Sending demos to record companies is not a very good way of getting known. You'll end up in a huge pile of CDs on an A&R person's desk and it's very hard to stand out in those circumstances - however good your music is.

If you have a massive following, the industry will come to find out what all the fuss is about. Spend time making your music and live shows amazing rather than mucking about with demos.

Promote yourself properly. Make sure that everyone who's likely to come to a gig knows where and when you're playing, every time you play. Use mailing lists, email lists, local press, fliers and posters to promote your gigs.

A&R people don't turn up at gigs randomly, so there aren't really any places to play to be 'spotted'. Also you don't have to play London to get your name known. A&R people have contacts all over the country. If you're causing a stir, they will find out.

Don't just concentrate on record labels.

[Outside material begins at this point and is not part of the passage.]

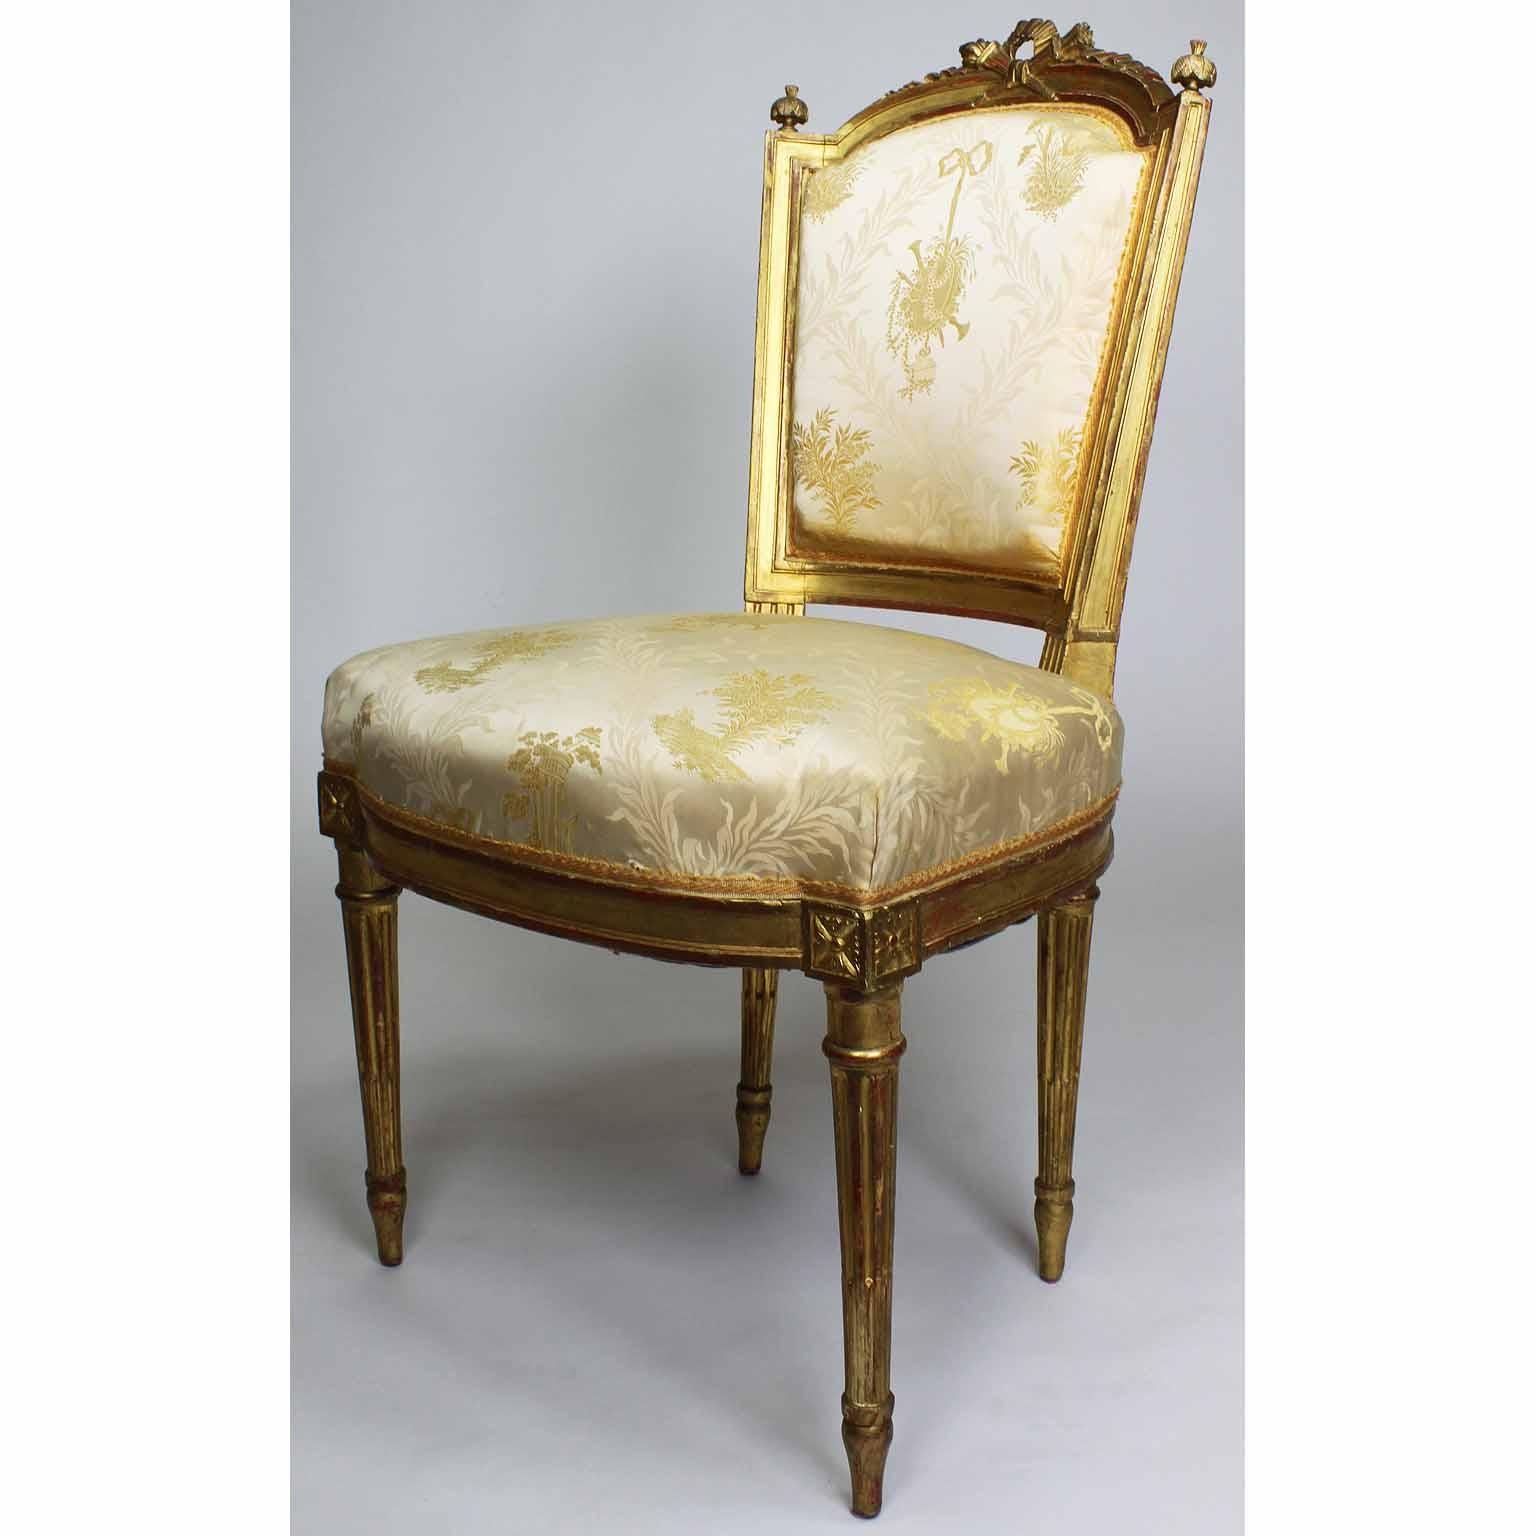 Zwei französische Boudoir-Stühle im Louis-XVI-Stil aus vergoldetem Holz des 19. Jahrhunderts. Der niedrige Rahmen aus geschnitztem Goldholz mit einer gepolsterten, sich verjüngenden Rückenlehne, die mit geschnitzten, gekreuzten Fackeln und einem

There are lots of people like PR companies, lawyers, publishers and producers looking for new business. These people get a lot fewer, demos so yours will be in a much smaller pile.

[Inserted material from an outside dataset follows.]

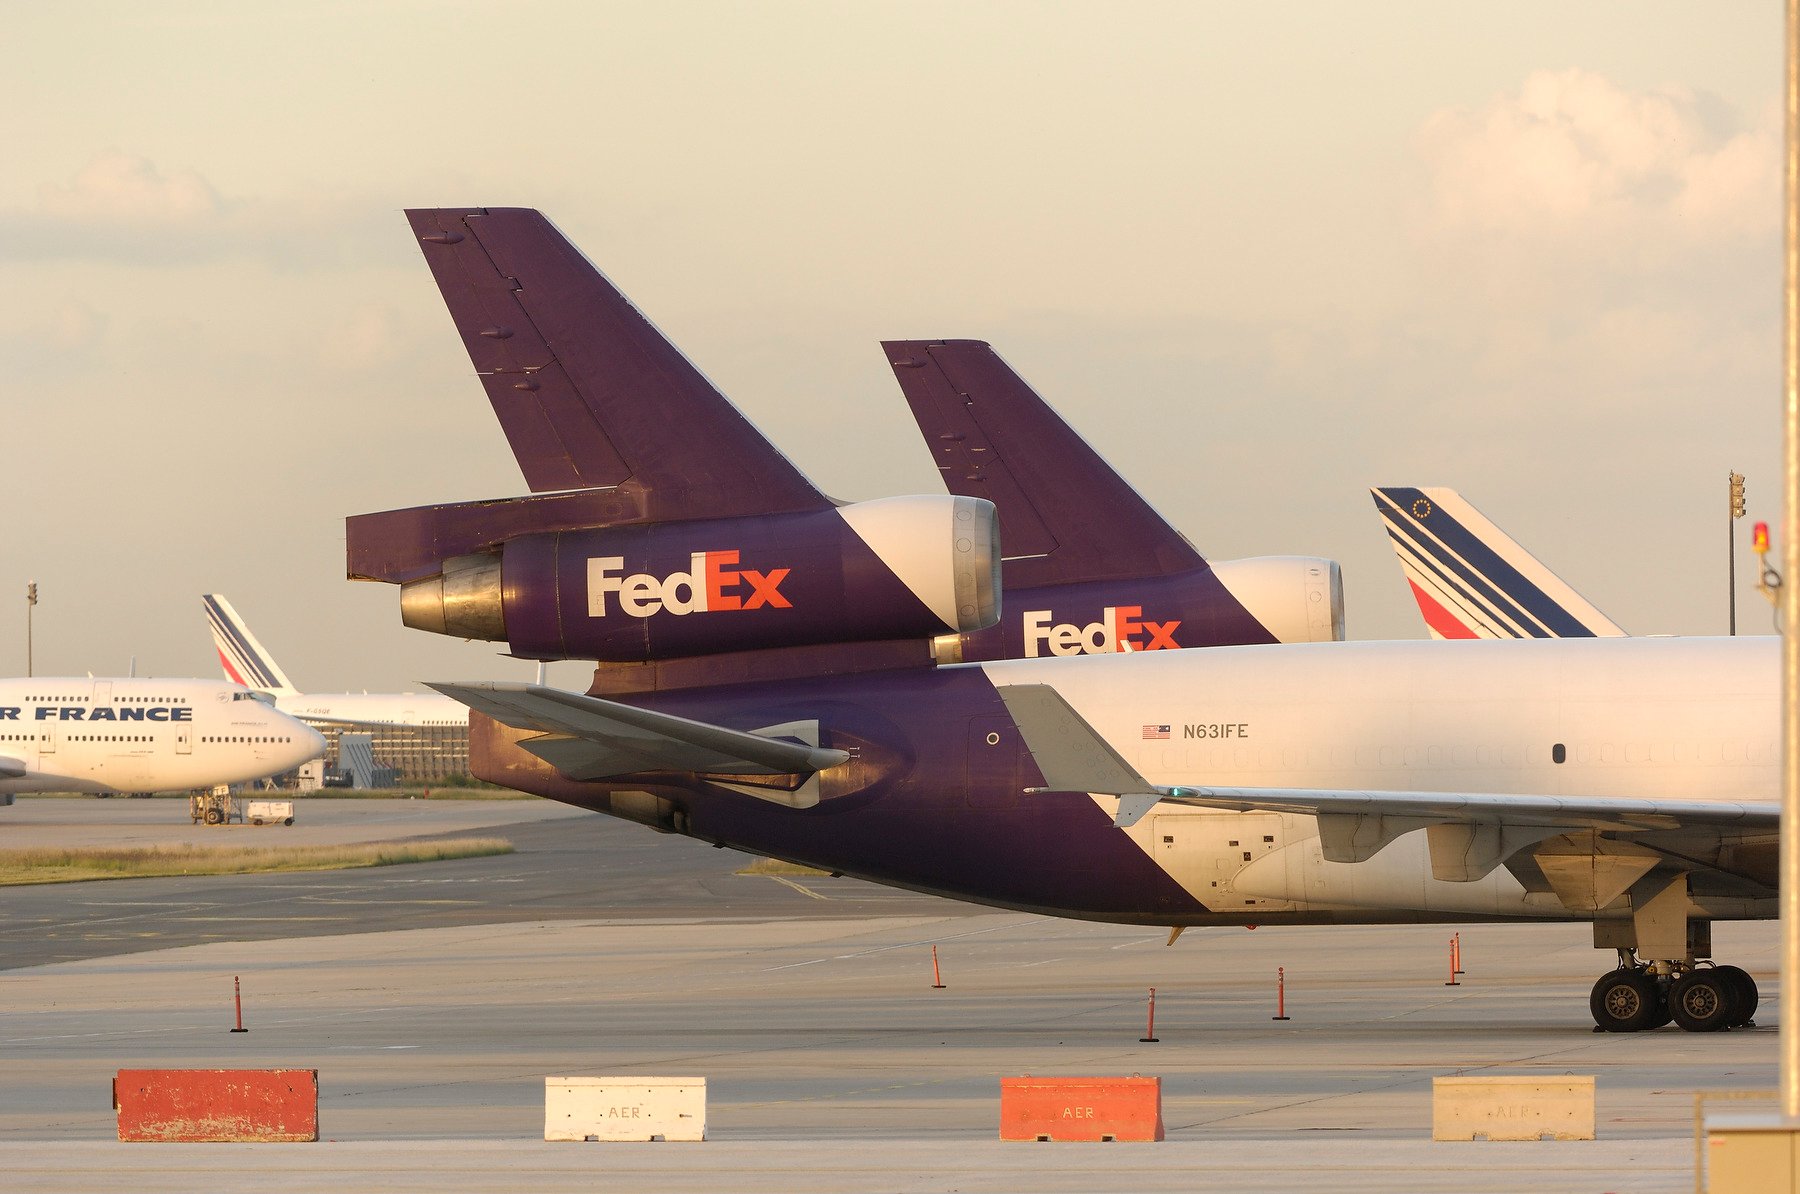 FedEx MD-11 trijets

Be patient - it normally take artists a couple of years at least to get to the stage where they're ready to sign. Spend some time learning to work as a group and developing your songs and performance before you divert time into trying to get signed.

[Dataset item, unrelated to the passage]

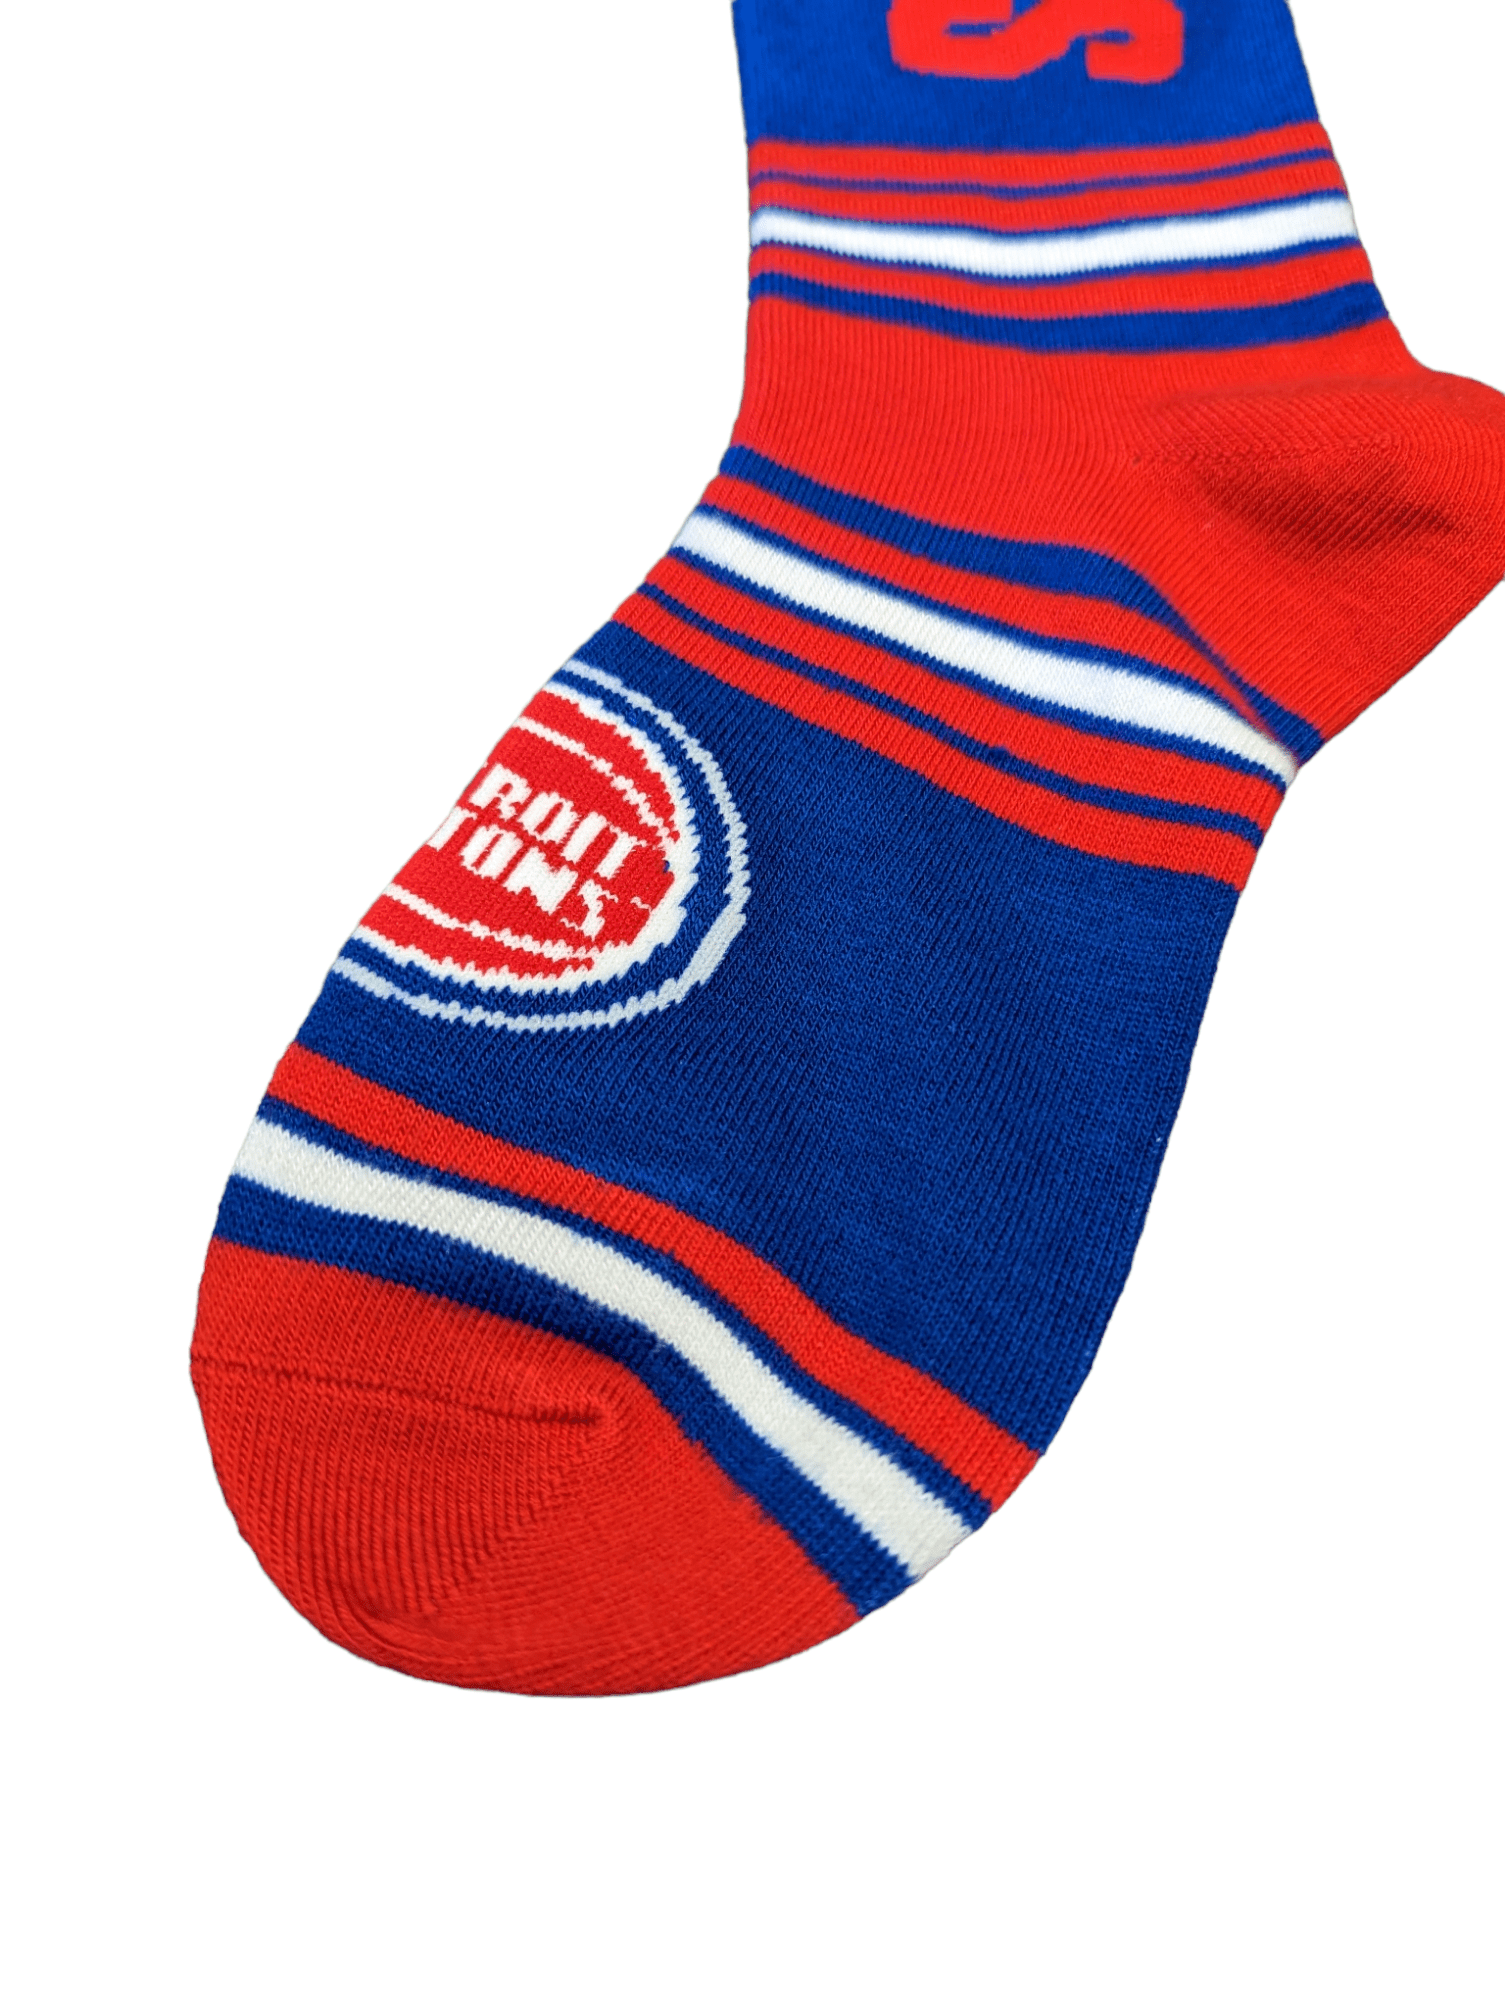 For Bare Feet Socks Detroit Pistons Go Team Socks

Don't be too eager. The more desperate you are to get signed the more likely you are to sign a contract that's not right for you. Take your time and consider each offer carefully. Don't take something just because you haven't got anything else.

With underground styles like dance and hip-hop, labels look for tunes that are happening in the clubs. Consequently, you're better off ignoring the labels and getting your tunes straight to DJs.

A demo addressed to someone by name is much more likely to be opened quickly. Find the right labels by checking the sleeves of records you like. Call and get the name of the person who handles your kind of music.

Phone the person before you send any material. Then leave at least 10 days after sending the demo before you call again and see if they've got it. Give them some time to listen to your music and don't hassle them.

A&R people tend to hang on to promising demos and see what else is sent, so try and keep a steady flow of demos coming. A new recording every few months will keep your name up and show that you're still active on the scene.

Once you start sending out demos, make sure you keep your website up to date. If people like your demo, it's the first place they'll go to see what you're up to and maybe check when you're gigging.

Everyone at every level gets knocked back several times on the way to the top. Don't take this personally and don't be disheartened. One person's negative opinion doesn't mean that much. Keep at it!